Anthony Balderrama of CareerBuilder.com has a good article on msn.careerbuilder.com outlining six serious résumé blunders that’s worth a read — even if you’ve got a stable job, it’s worth knowing… just in case!
Of particular interest to me were:
- Forgetting the employer: this goes to the root of my personal belief that any content created (whether text, blog entries, graphics, designs, layouts, etc.) should be catered to the audience; not necessarily the INTENDED audience, but the ACTUAL audience.
- Not using keywords: see that tag cloud over on the side of my blog? It’s there for a reason: people like seeing what they’re looking for — if you show them that they’ve found what they’re seeking using keywords or tags that they would use (see #1) they’ll stick around. If you’re not using the specific words that an employer is looking for, chances are your résumé is going in the “round file.”
- Using an objective instead of a career summary: I’ve always thought that the objective was a stupid thing to include on a résumé. After all, isn’t the objective “to catch the hiring manager’s attention, stand out above the rest, get scheduled for a set of interviews, and ultimately be hired for a substantial amount of money”? Of course you can’t come right out and say that (although that might just get you in the door if the person reviewing résumé’s digs your sense of humor). Rather, the objective usually is more along the lines of one-, three-, or five-year goals, where you want to see yourself down the road. This is the approach that I’ve used in the past, but Mr. Balderrama suggests a Career Summary instead. He says, “Like an objective, the summary should give the employer an idea of who you are, except it allows you to focus more on your experience than on your goals. You can briefly mention your career highlights, including past roles and your strongest skills.”

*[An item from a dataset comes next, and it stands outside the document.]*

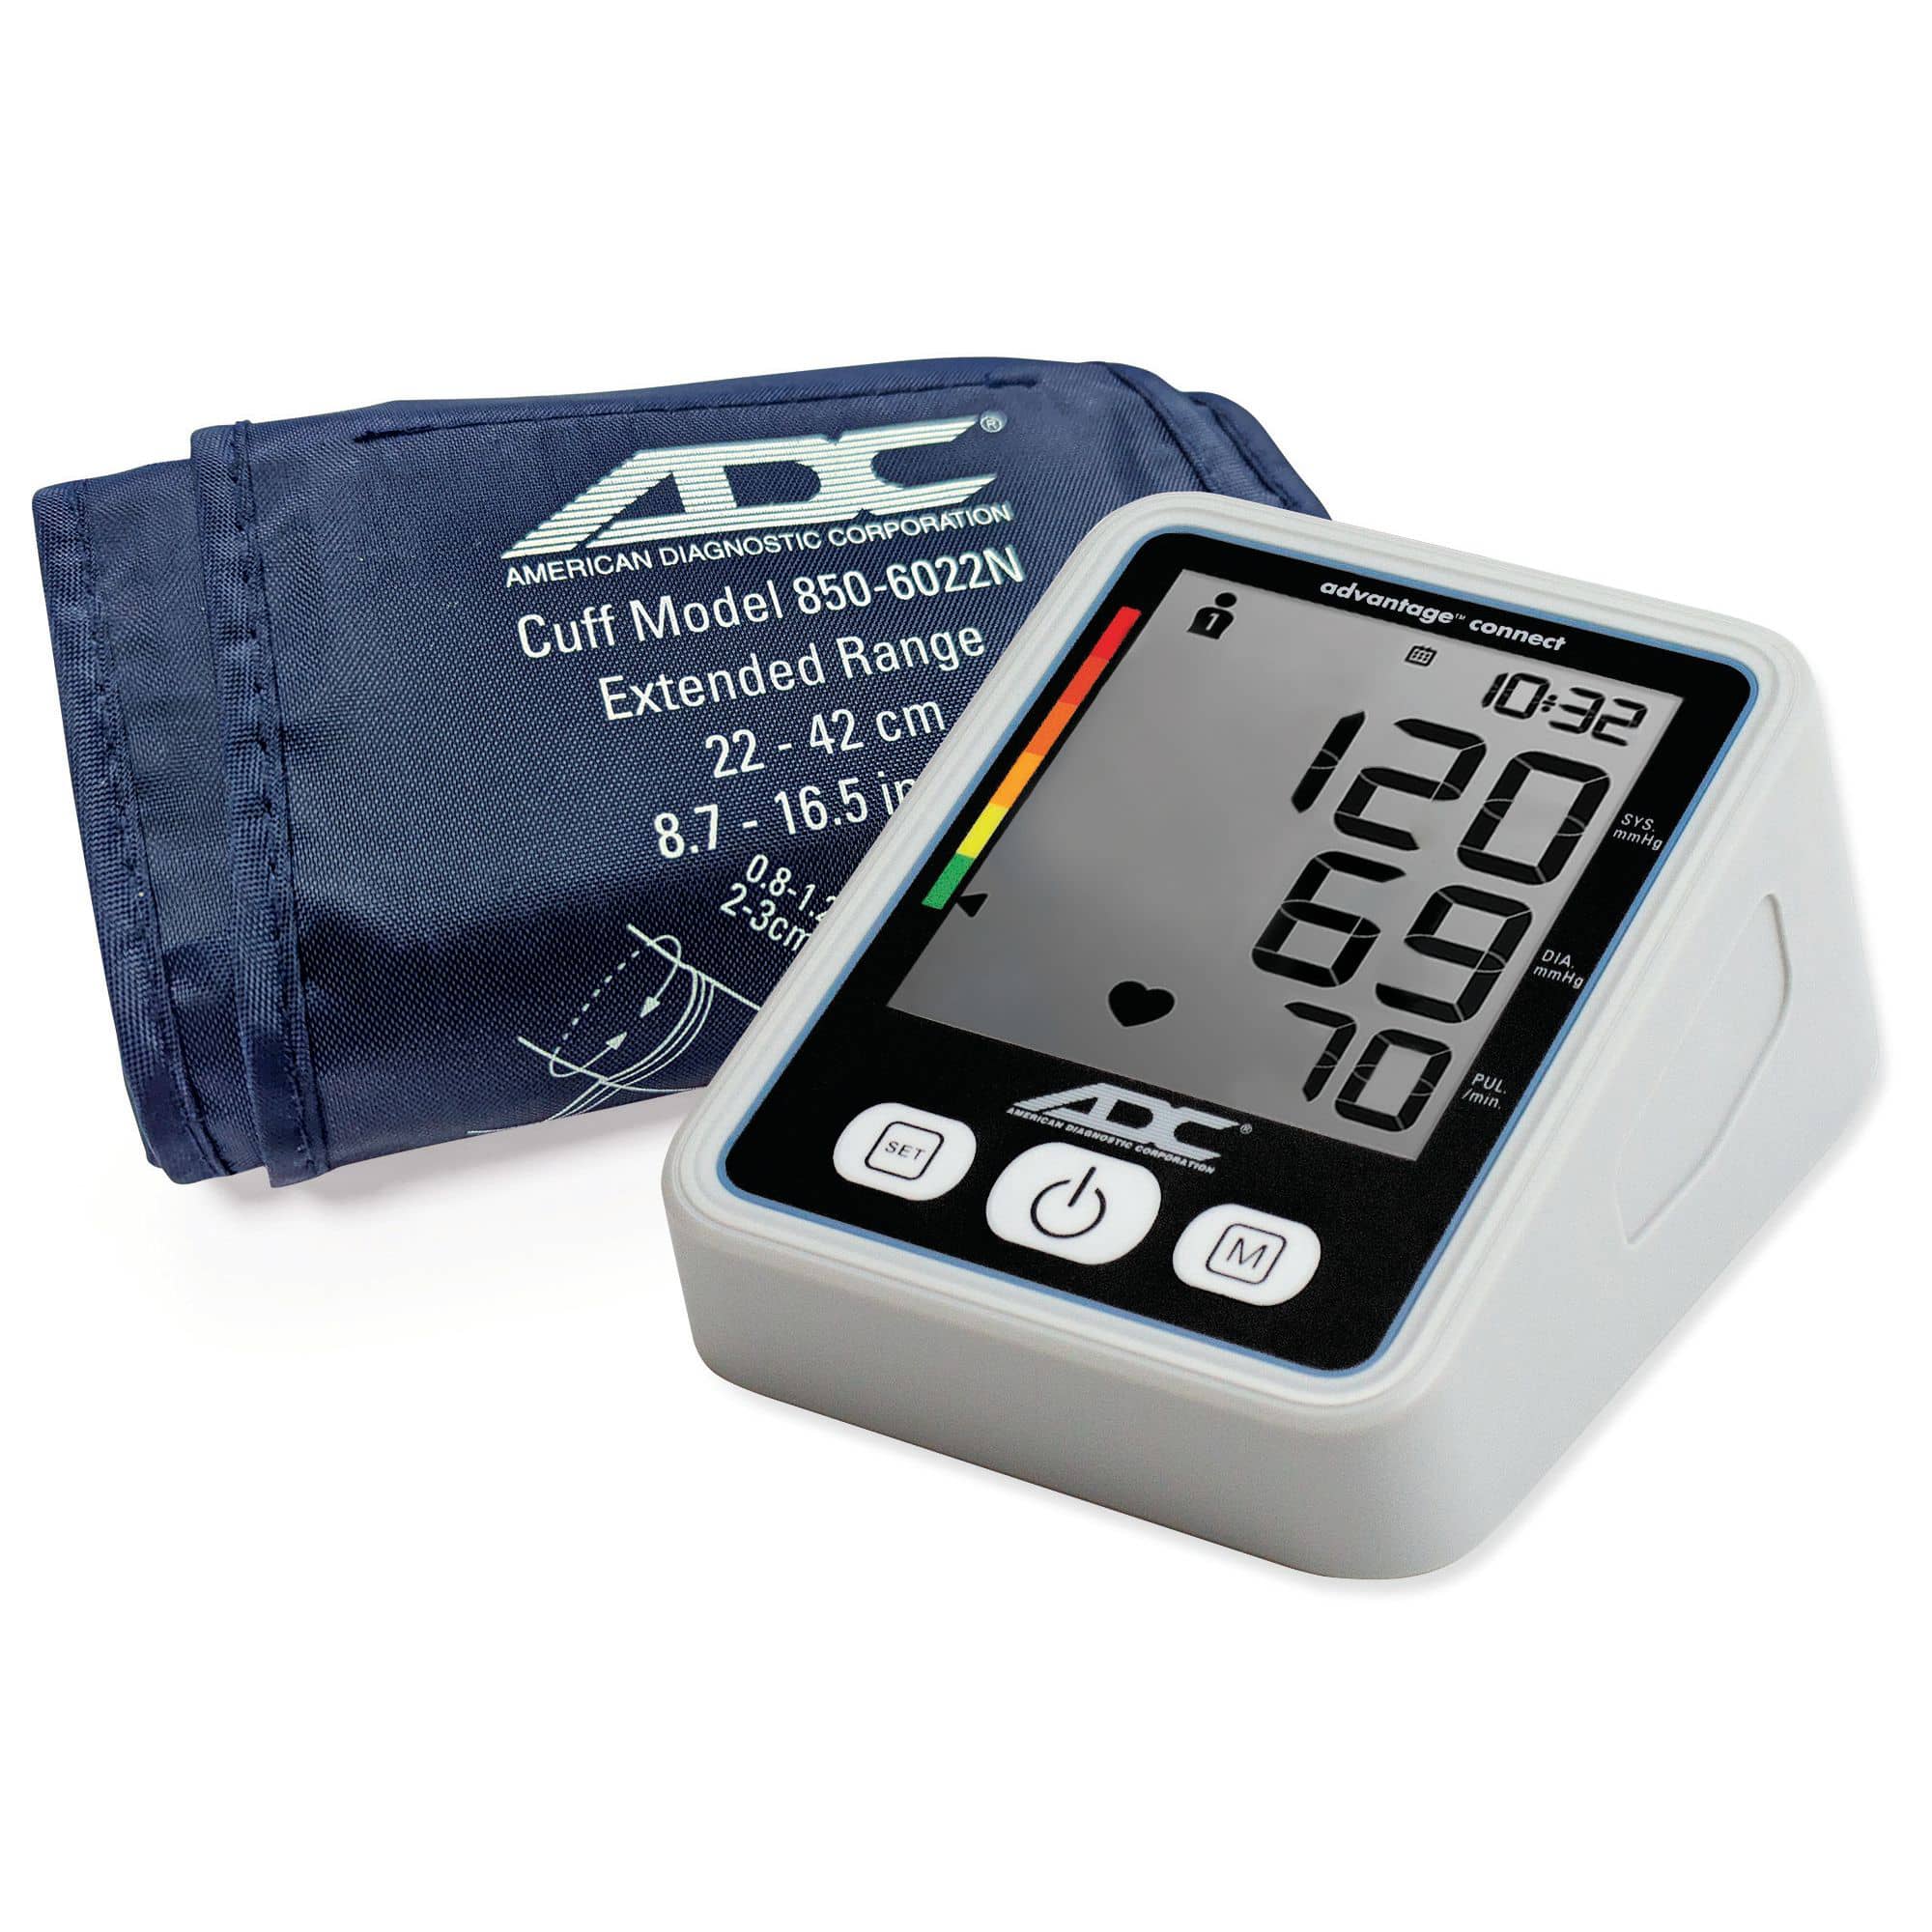 ADC Advantage Connect 6024N Upper-Arm Digital Home Blood Pressure Monitor

- Not keeping up appearances: I’ve subscribed to this philosophy since the very first résumé that I ever wrote (I got marked down in my high school Communications class because I didn’t follow the instructions precisely, but it got me noticed above all the others). Your résumé should stand out, it should be different, it should catch the attention of the reader. At the same time, your résumé must be scannable (both my a machine and by a human), professional, and similar enough to all the other’s in the stack to be considered a “standard résumé” rather than some artistic, abstract interpretation of a résumé.
Mr. Balderrama’s article has a few more tips that are worth reading, take a look!